■ ENTRIES SHOWN ■
Start of Block
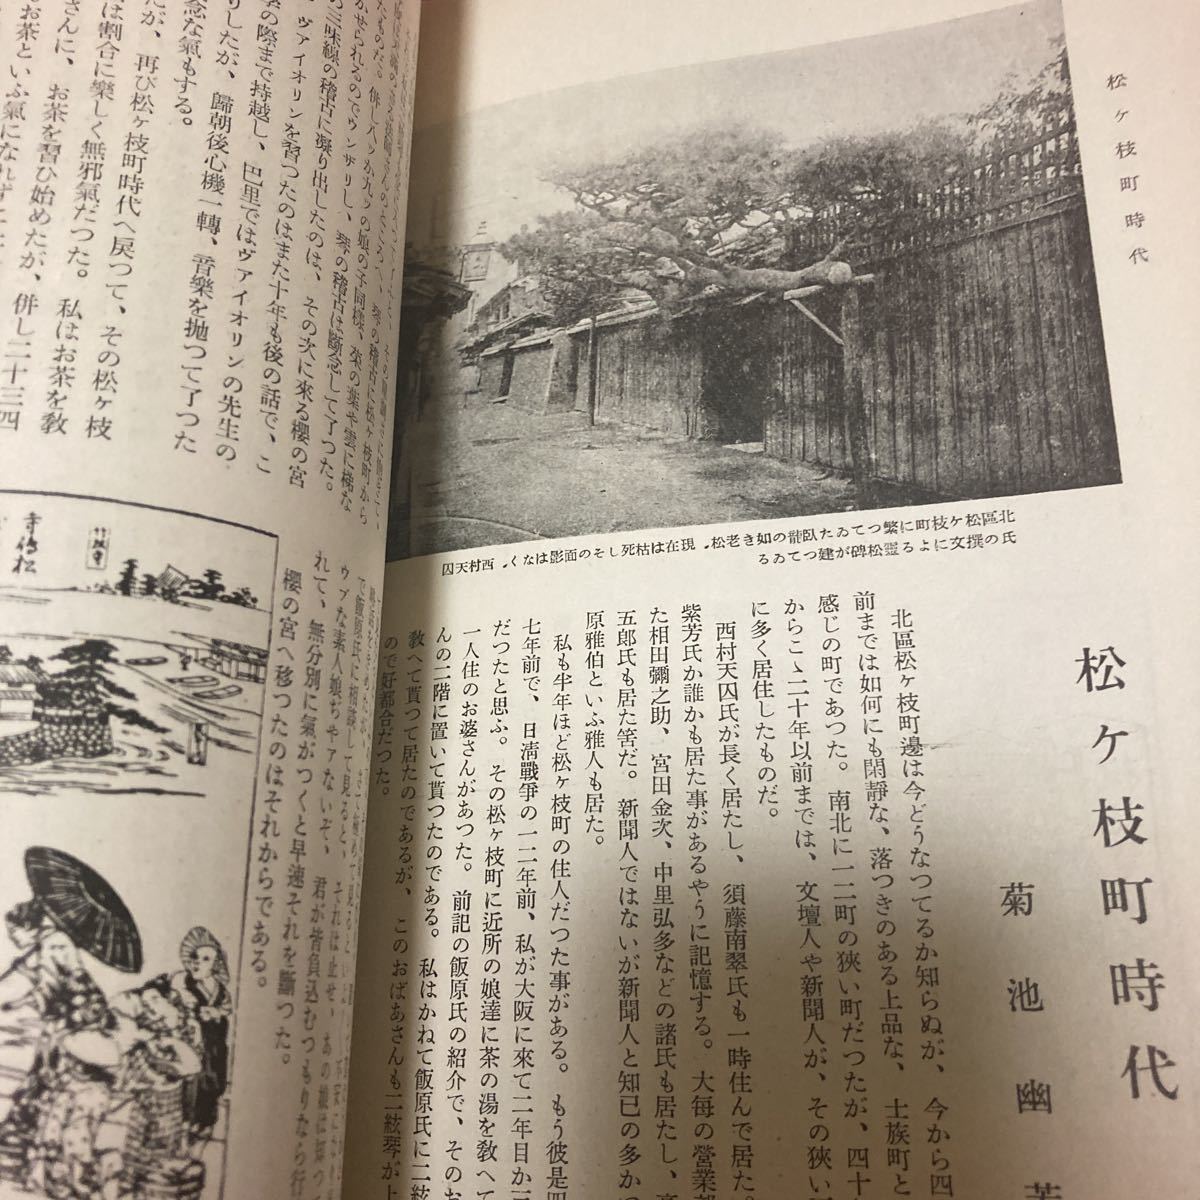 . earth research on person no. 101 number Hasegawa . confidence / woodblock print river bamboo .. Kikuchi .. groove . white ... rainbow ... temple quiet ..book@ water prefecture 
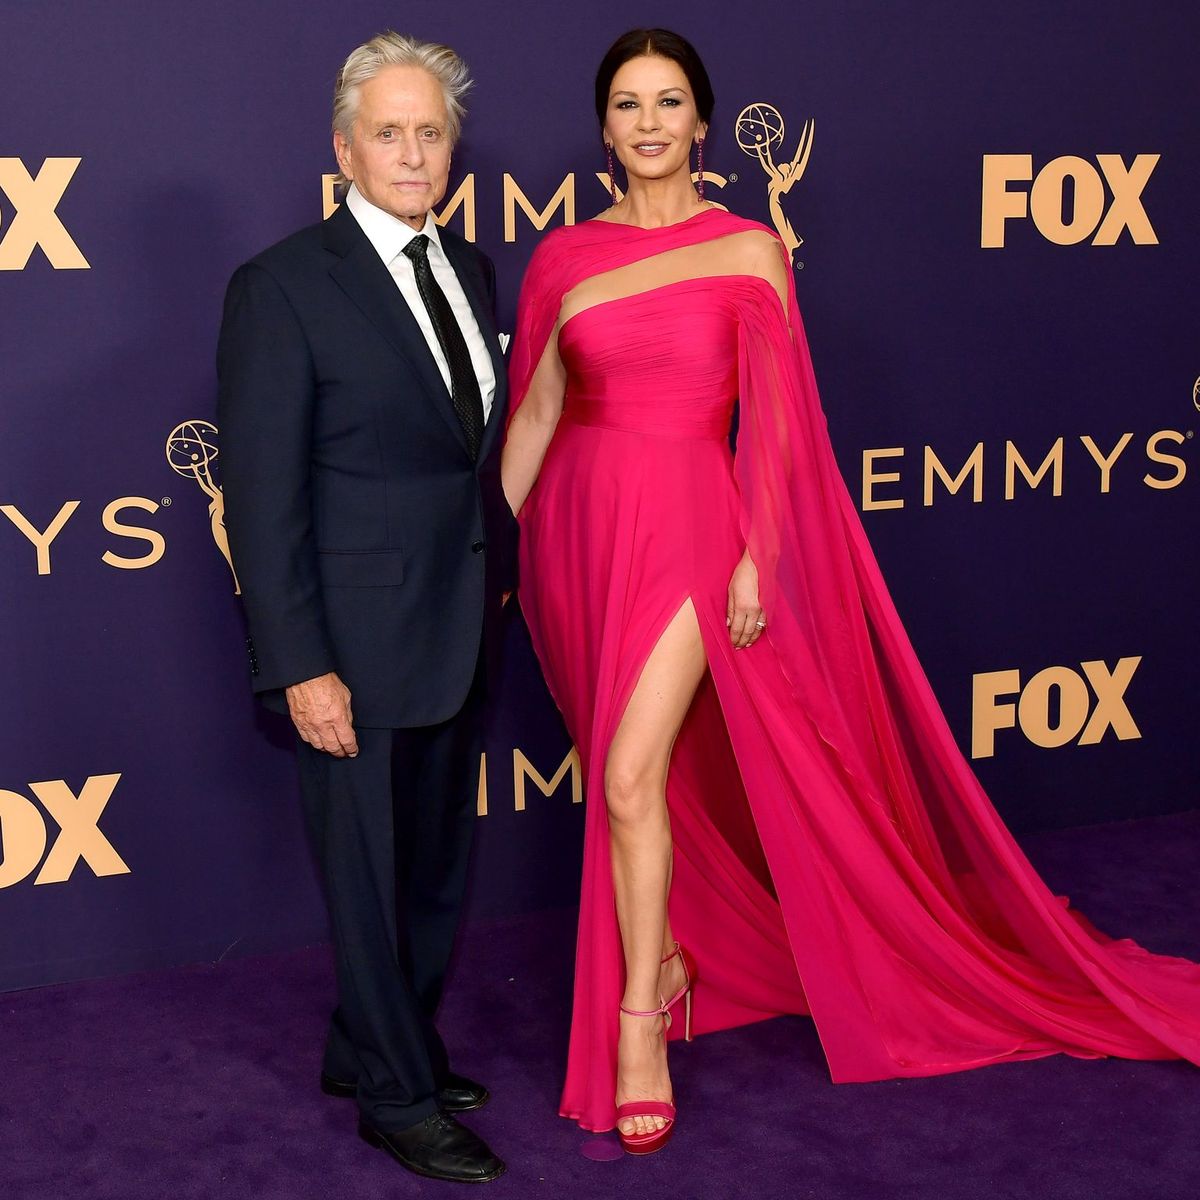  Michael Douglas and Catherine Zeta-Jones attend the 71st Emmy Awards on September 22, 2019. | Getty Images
End of Block
Start of Block
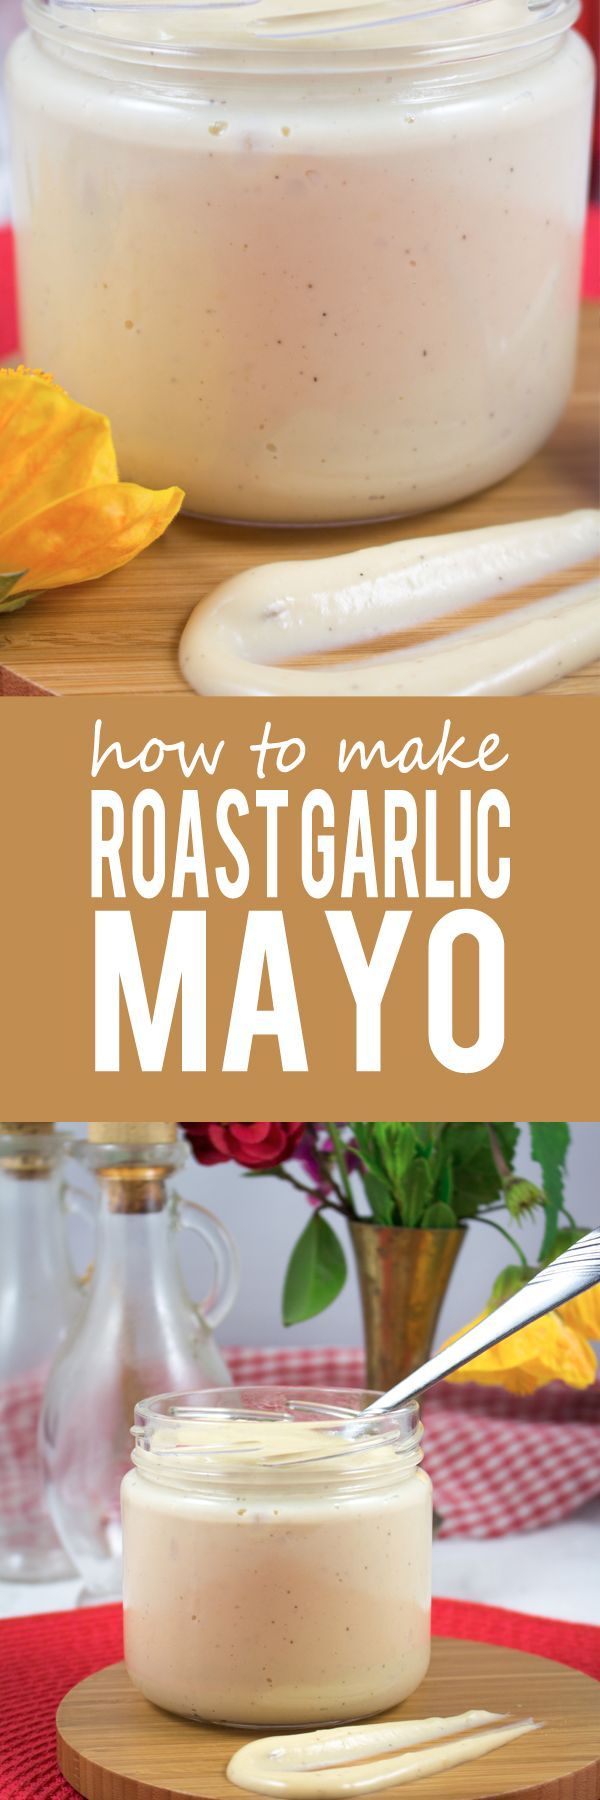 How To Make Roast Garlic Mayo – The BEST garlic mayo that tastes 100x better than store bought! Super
End of Block
■ PROBLEM REQUIREMENTS ■
Please return the material above only from the line that holds "quiet ..book@ water prefecture" through the line that holds "Michael Douglas and", exactly as it stands, ends included and pictures omitted.

■ ANSWER TO THIS EXERCISE ■
 . earth research on person no. 101 number Hasegawa . confidence / woodblock print river bamboo .. Kikuchi .. groove . white ... rainbow ... temple quiet ..book@ water prefecture 
  Michael Douglas and Catherine Zeta-Jones attend the 71st Emmy Awards on September 22, 2019. | Getty Images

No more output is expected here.